Le fait qu'il s'agisse d'un naufrage commercial donne à ce disque une aura particulière qui fait dire à certains qu'il s'agit du meilleur disque de son auteur ce qui est peut être exagéré. Il n'en demeure pas moins que "Watertown" est un disque formidable à bien des égards et qu'il s'avère extrêmement touchant.

On l'a dit le concept-album est un genre casse gueule puisqu'il s'agit de narrer une histoire qui tienne debout et d'intéresser l'auditeur du début à la fin. Certains y excellent comme Lou Reed ou Ray Davies. Aussi surprenant que cela puisse sembler "Watertown" tient un peu des deux , au niveau de la thématique et du traitement s'entend.
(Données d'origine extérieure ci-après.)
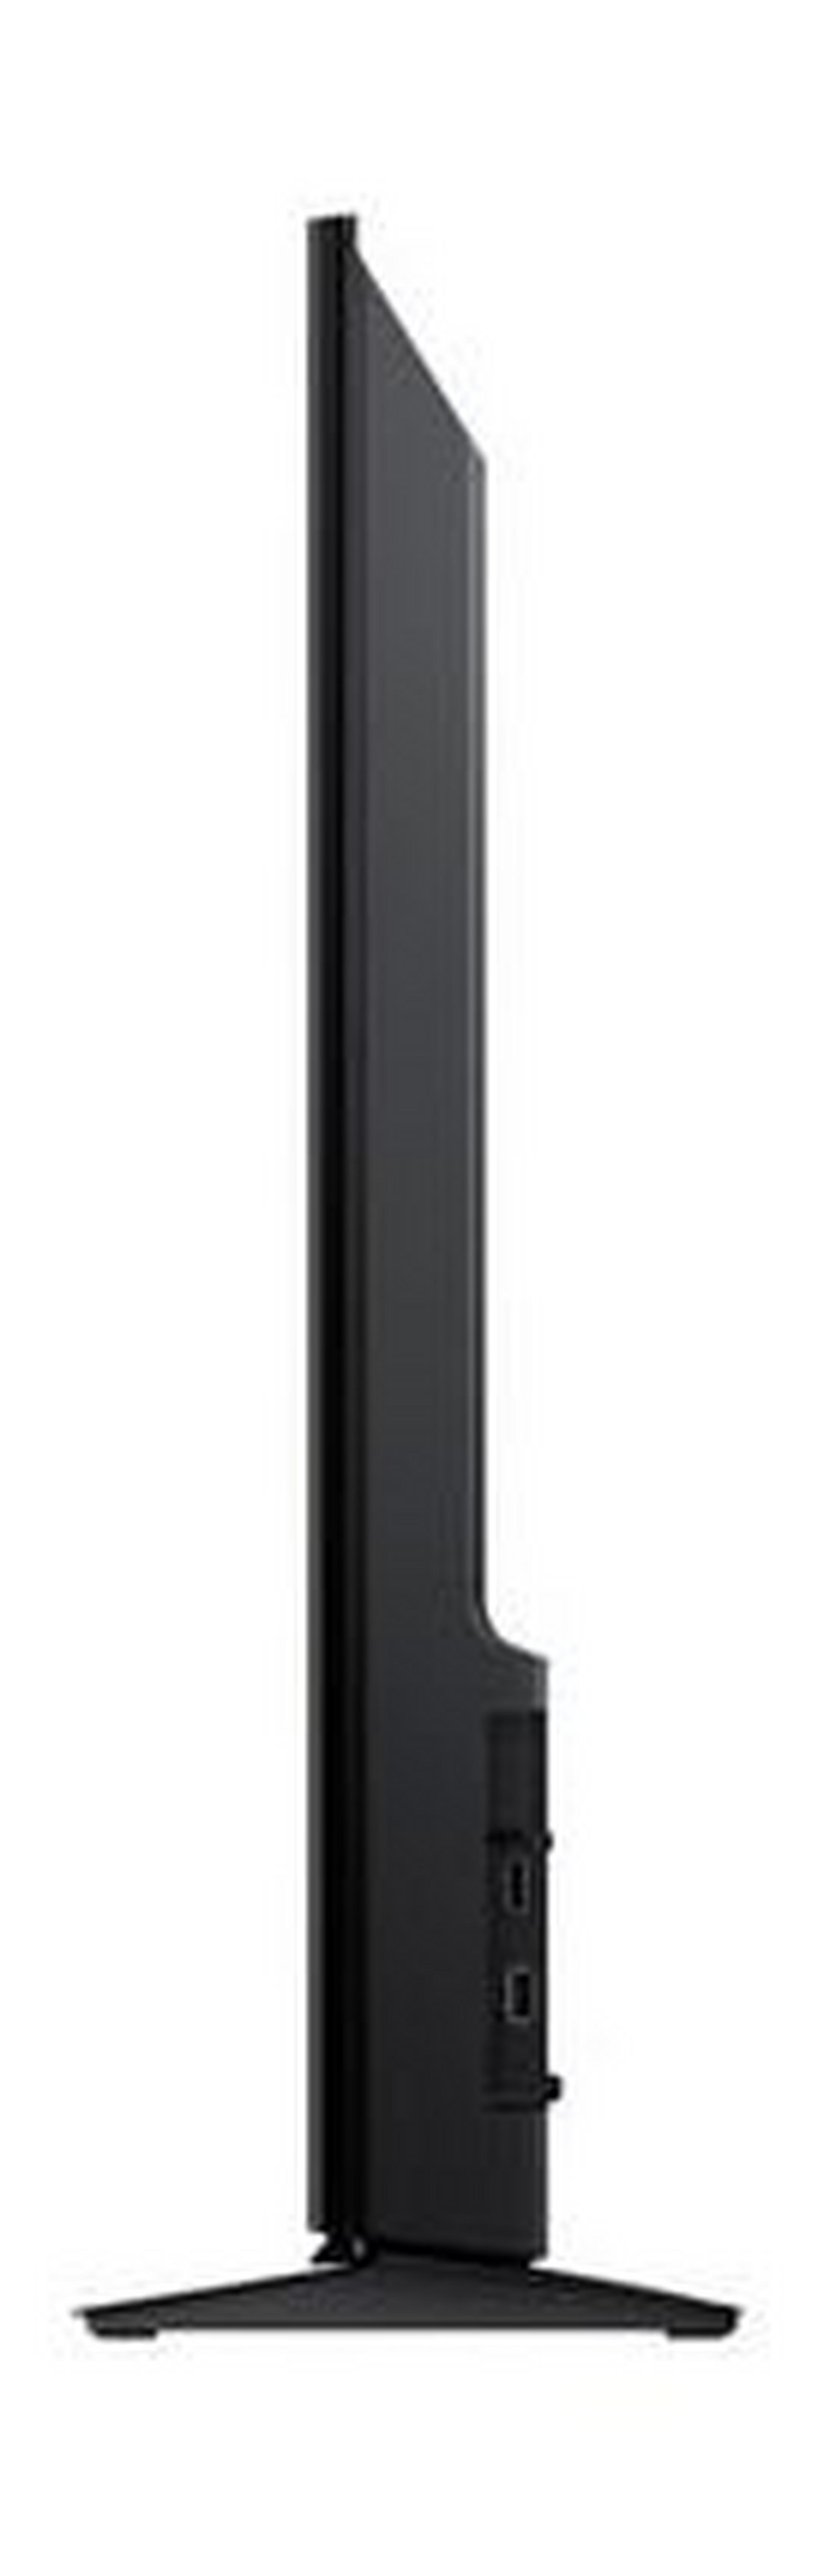 Sony Bravia 40-inch Full-HD LED TV - Black KDL-40R470B

L'argument est simple. Un homme qui vit dans une petite ville ("Watertown") se fait plaquer par se femme qui le laisse seul avec leurs deux fils. Sans doute éprouve-t-elle le besoin de partir vers les lumières de la grande ville , étouffée par le carcan de la vie provinciale. L'histoire classique. L'homme reste seul à réfléchir à ce qu'il vient de se prendre en pleine face, se remet en question et cherche à faire face au quotidien avec dignité.
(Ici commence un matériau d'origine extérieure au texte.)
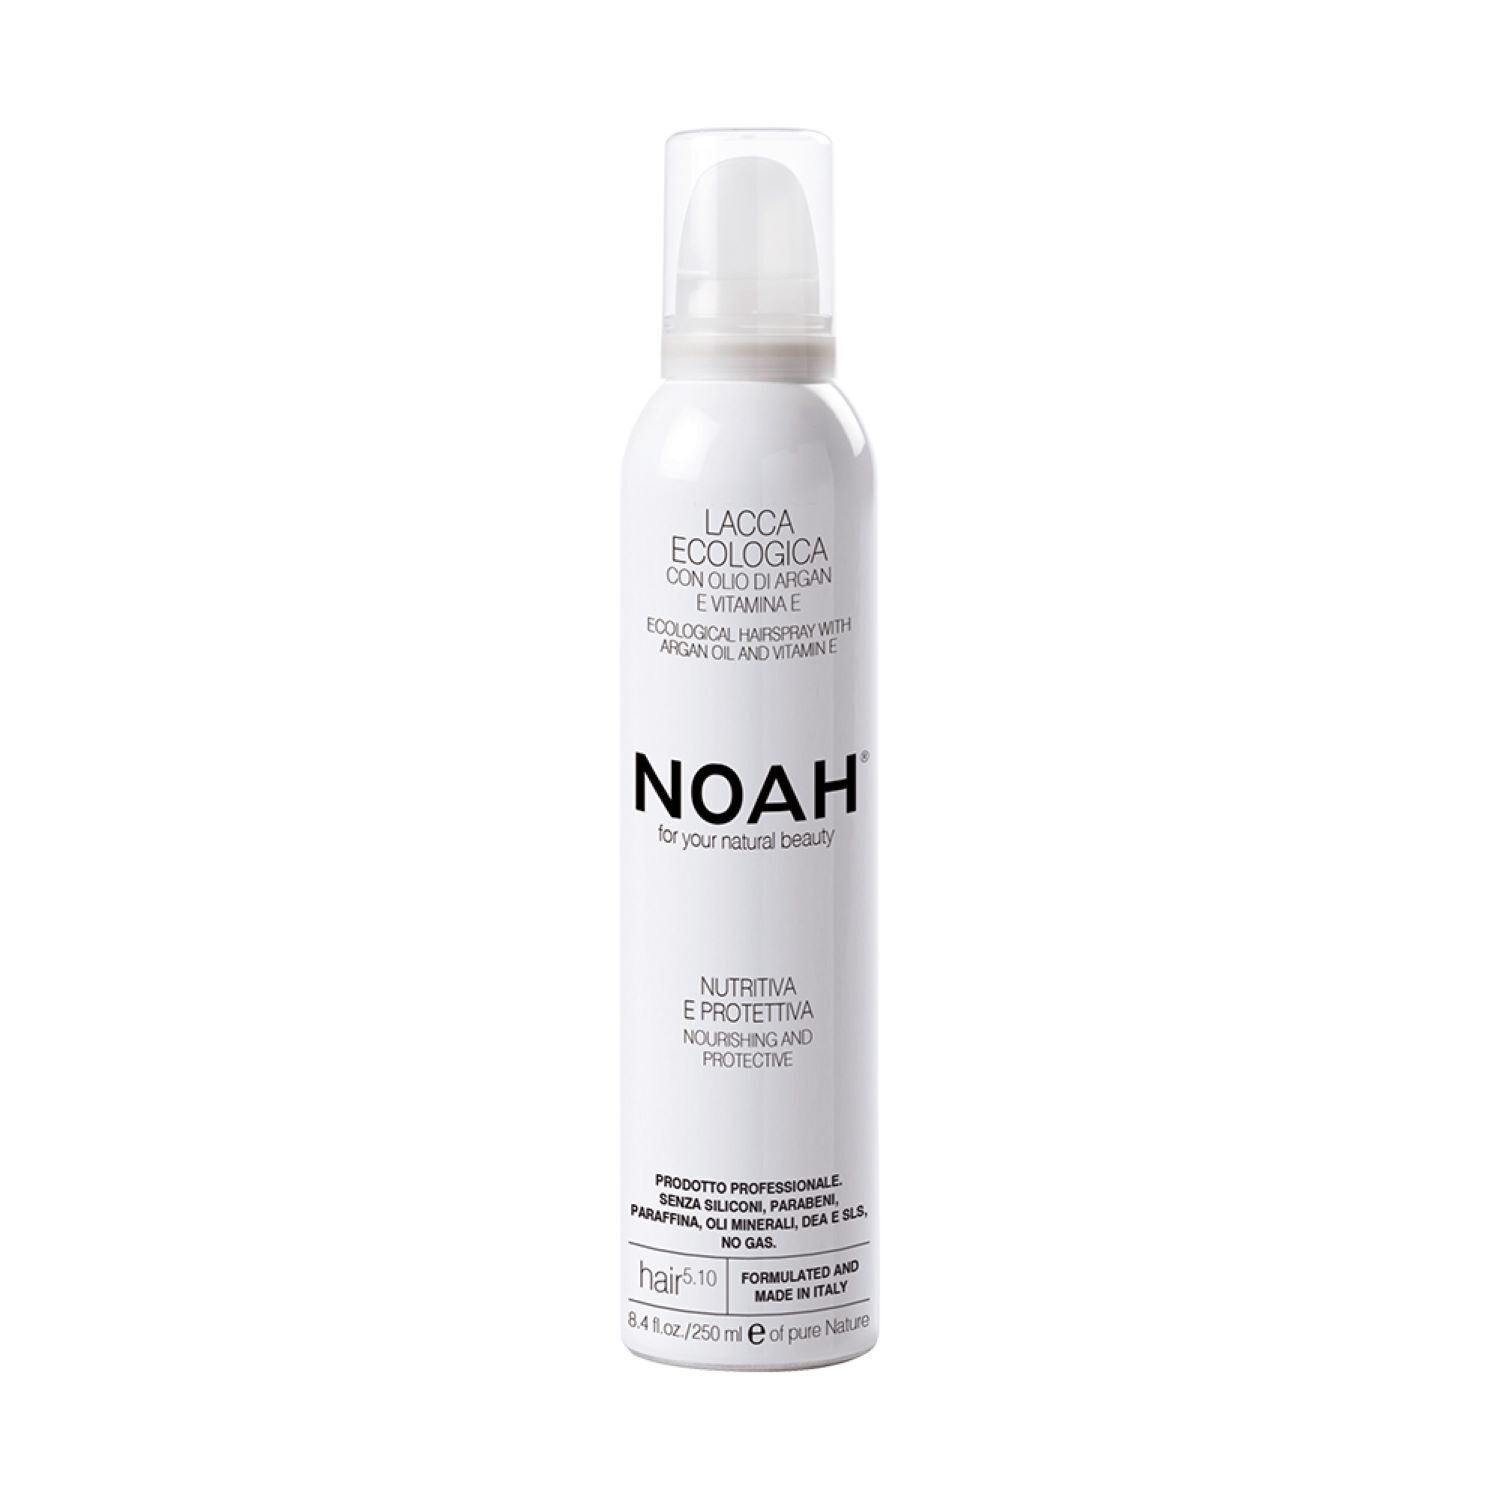 Экологический лак для волос с витамином е Noah For Your Natural Beauty, 250 мл цена и фото

Sinatra n'est ici qu'interprète (pour l'écriture il s'est acoquiné avec un membre des four seasons) mais quel interprète! Avec quel talent campe-t-il ce personnage de mec ordinaire qui vit une tragédie ordinaire d'homme de la classe moyenne. Ici on pense clairement à un Ray Davies américain (avec un romantisme typiquement américain c'est à dire une sentimentalité vraiment terre à terre mais tellement touchante mais sans la fantaisie géniale du leader des Kinks). C'est un peu un "Berlin" moins trash dont le décor se déroulerait au sein de la classe moyenne plutôt que dans les bas fonds. Les chansons et les arrangements sont magnifiques. Sinatra chante avec une justesse déconcertante. On se dit que cette histoire pourrait nous arriver et du coup on ne peut s'empêcher de s'identifier au protagoniste de ce drame ordinaire.

Franchement remarquable. Du grand art.